THP-1, K562 and U937 the monocytic leukemia cell lines, (ATCC, Manassas, VA) were maintained in Roswell Park Memorial Institute (RPMI)-1640 media (Sigma-Aldrich, St. Louis, MO), supplemented with 10% FBS. The cells were maintained at 37°C in 5% carbon dioxide and air. Fisetin treatment was given to these cells maintained in 24 well plates at a concentration of 2 × 105 ml.

Cell viability measurement

For cell viability, MTT [3-(4,5-dimethylthiazol-2-yl)-2,5-diphenyltetrazolium bromide] assay as described by Hansen et al. [15] was performed with slight modifications. Briefly, various treated cell groups were incubated in media containing MTT at 250 µg ml for 6 h at 37°C followed by solubilizing the crystals in lysis buffer (20% SDS in 50% dimethyl formamide) for 3 h at 37°C and OD was measured at 570 nm. Data were plotted against a standard curve prepared with known number of viable cells. For detection of PI positive cells, cells fixed in 70% ice-cold ethanol and stained with PI [propidium iodide] were analyzed by flow cytometry.

SDS-PAGE and Western blot

SDS-PAGE and Western blot was carried out as described previously [14]. Briefly, whole cell extracts (25-40 µg) prepared by mixing the cells with lysis buffer (0.125 M Tris, 4% SDS, 20% glycerol, and 10% 2-ME) were resolved in 12% SDS polyacrylamide gels and transferred onto nitrocellulose membranes. For all non-phospho antibodies, blocking was done in 5% nonfat dry milk and for all anti-phospho antibodies in 5% BSA in 0.05% PBS-Tween 20. The membranes were incubated with primary antibodies at required dilutions [anti-caspases-8,-9,-3,-7, anti-cytochrome C, anti-p70 S6 kinase, anti-phosphor-S6 anti-ribosomal protein (Ser240/244), anti-phosphor-S6 ribosomal protein (Ser235/236), anti-phospho-eIF4B (Ser422), anti-phosphor-eEF2K, (1:1,000), anti-γH2AX (phosphor S139), anti-PARP (1:2,000) and anti-Bid (1:5,000) and anti-actin (1:10,000)] in PBS-Tween-20 containing 5% non-fat dry milk and incubated overnight at 4°C. After secondary antibody (Jackson Immuno Research Laboratories Inc., West Grove, PA) incubation at 1:5,000-1:10,000 dilutions in 0.05% PBS-Tween-20 for 1 h at room temperature, protein bands were visualized on X-ray films using the enhanced chemiluminescence system.

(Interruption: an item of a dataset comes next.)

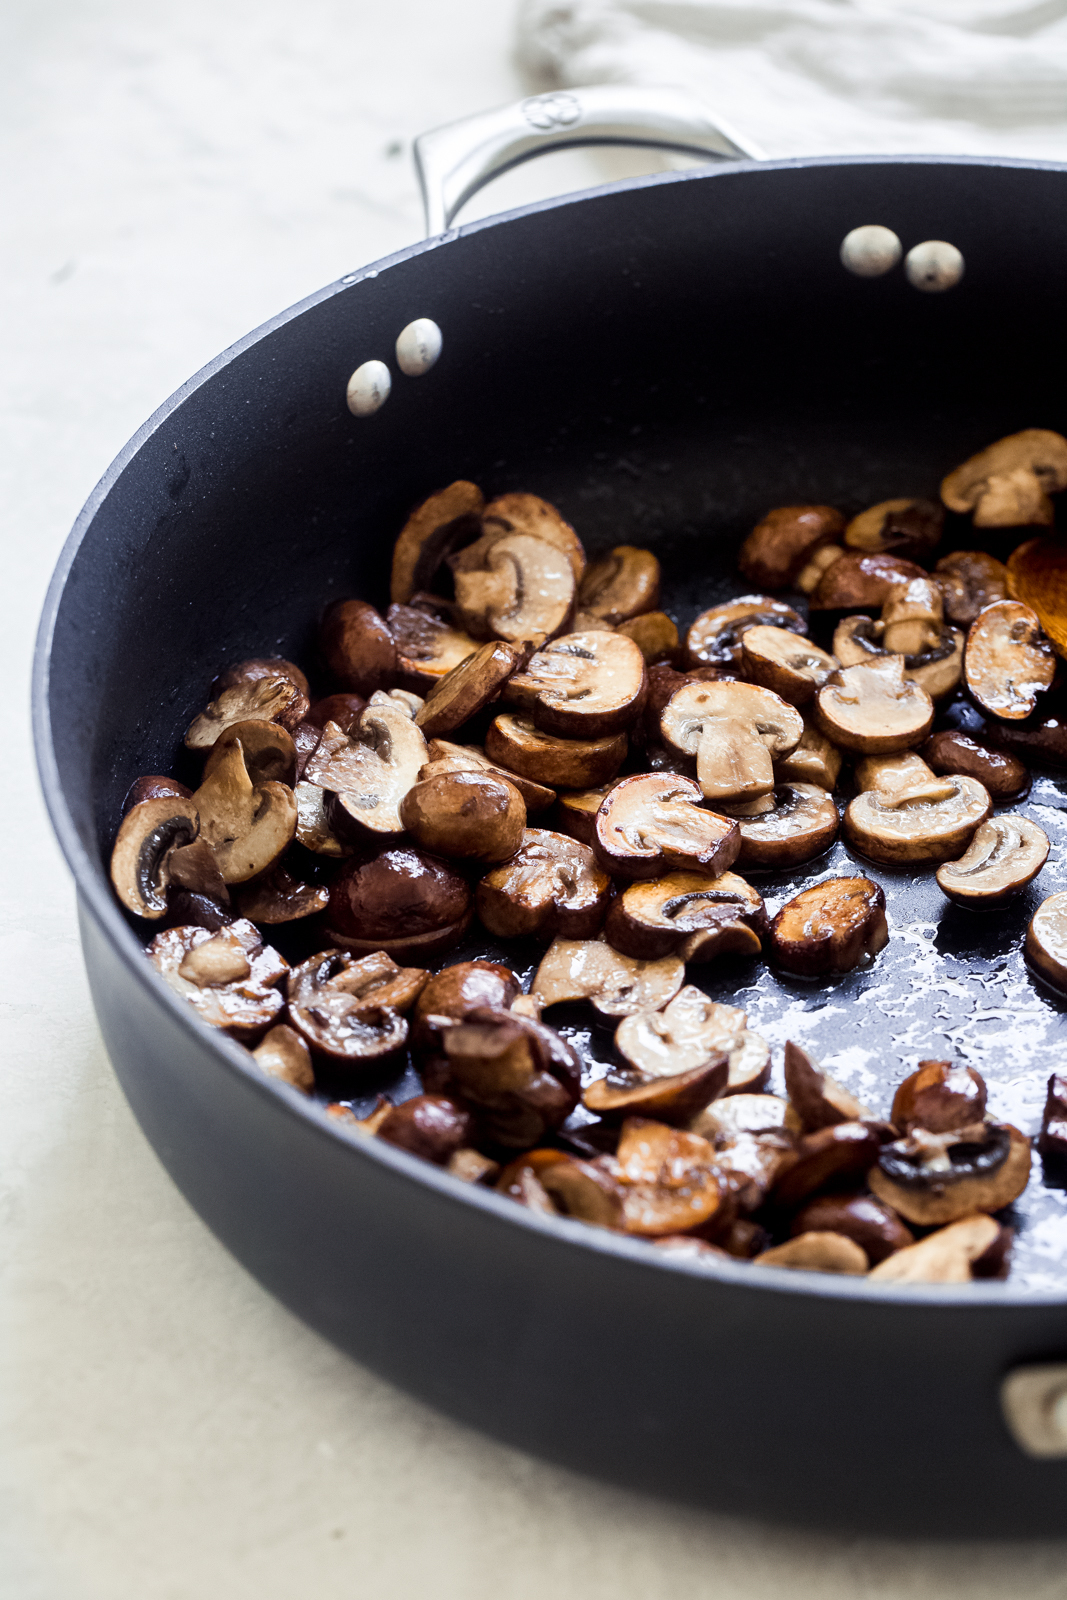 sautéed mushroom sin a black sauce pan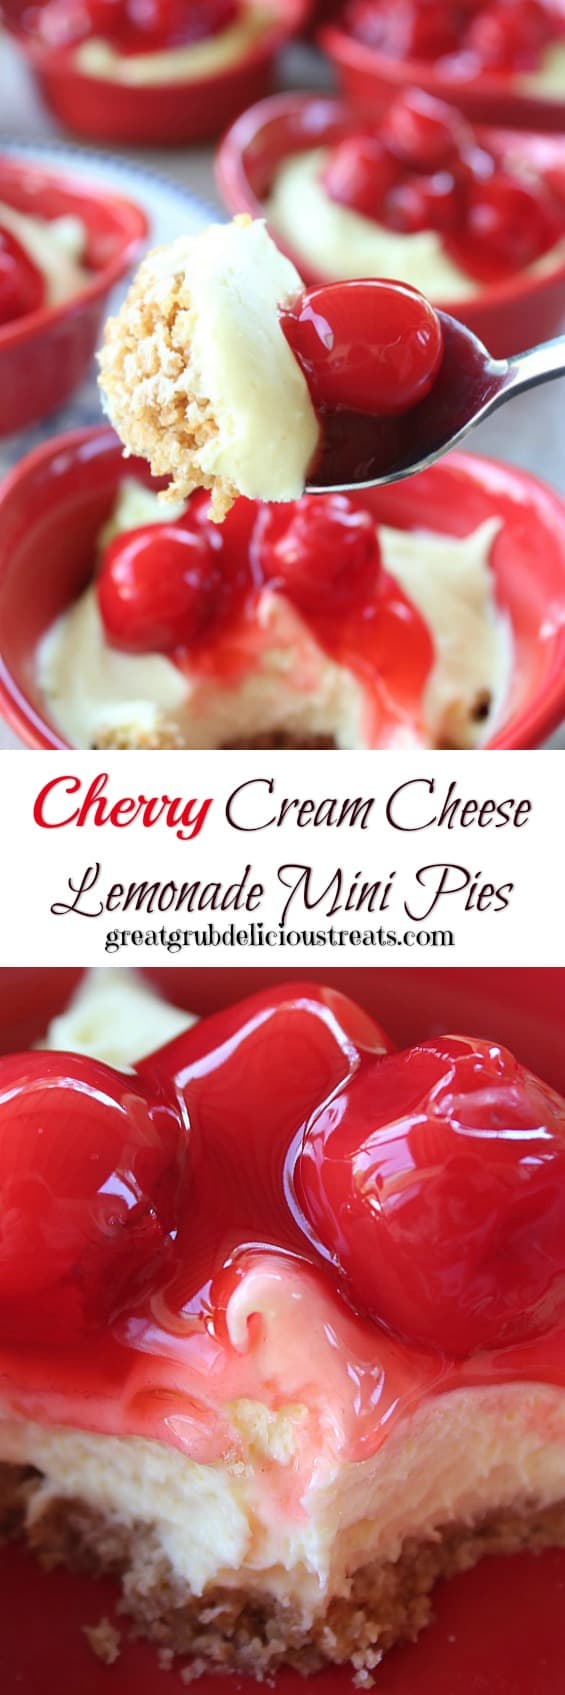 Cherry Cream Cheese Lemonade Mini Pies

Immunocytochemistry and annexin-V staining

Cells fixed in 4% formaldehyde were blocked with 3% normal goat serum containing 0.1% saponin at room temp for 30 min and subsequently incubated with primary antibody against γH2AX (phosphor S139) at 1:200 dilution for 1 h at 37°C followed by secondary antibody conjugated to Alexa Fluor 488 at 1:150 dilution for 1 h at the same temp. An inverted microscope [(TE-2000E) Nikon, Tokyo, Japan] equipped with a RetigaExi camera (Q-imaging) was used to acquire images (Media Cybernetics, Bethesda, MD). For the detection of apoptotic cell death, PI staining and phosphatidylserine exposure by Annexin V-labeling was conducted using Dead Cell Apoptosis Kit (Molecular Probes, Eugene, OR). Labeling was analyzed with a BD FACS Calibur (Becton-Dickinson, Franklin Lakes, NJ) flow cytometer equipped with a 488 nm air-cooled argon ion laser. Analysis was carried out using Flow Jo software (version 8.7.1). Mice were euthanized and dissected to remove tumors and various other organs, and were fixed in 4% formaldehyde and Bouin’s fluid for TUNEL and hematoxylin and eosin (H&E) staining for routine histology, respectively. Tissues were processed as per standard protocol.

Caspase activity assay

Caspase-8 activity in the treated and untreated cell lysates was assayed using the caspase-8 specific fluorescence peptide substrate Ac-IETD-AFC and the caspase-8 inhibitor Ac-IETD-CHO. Fluorescence from free AFC (7-amino-4-trifluoromethyl coumarin) was measured using a spectrofluorometer (PerkinElmer, Waltham, MA) with excitation wavelength of 400 nm and emission wavelength of 450-550 nm.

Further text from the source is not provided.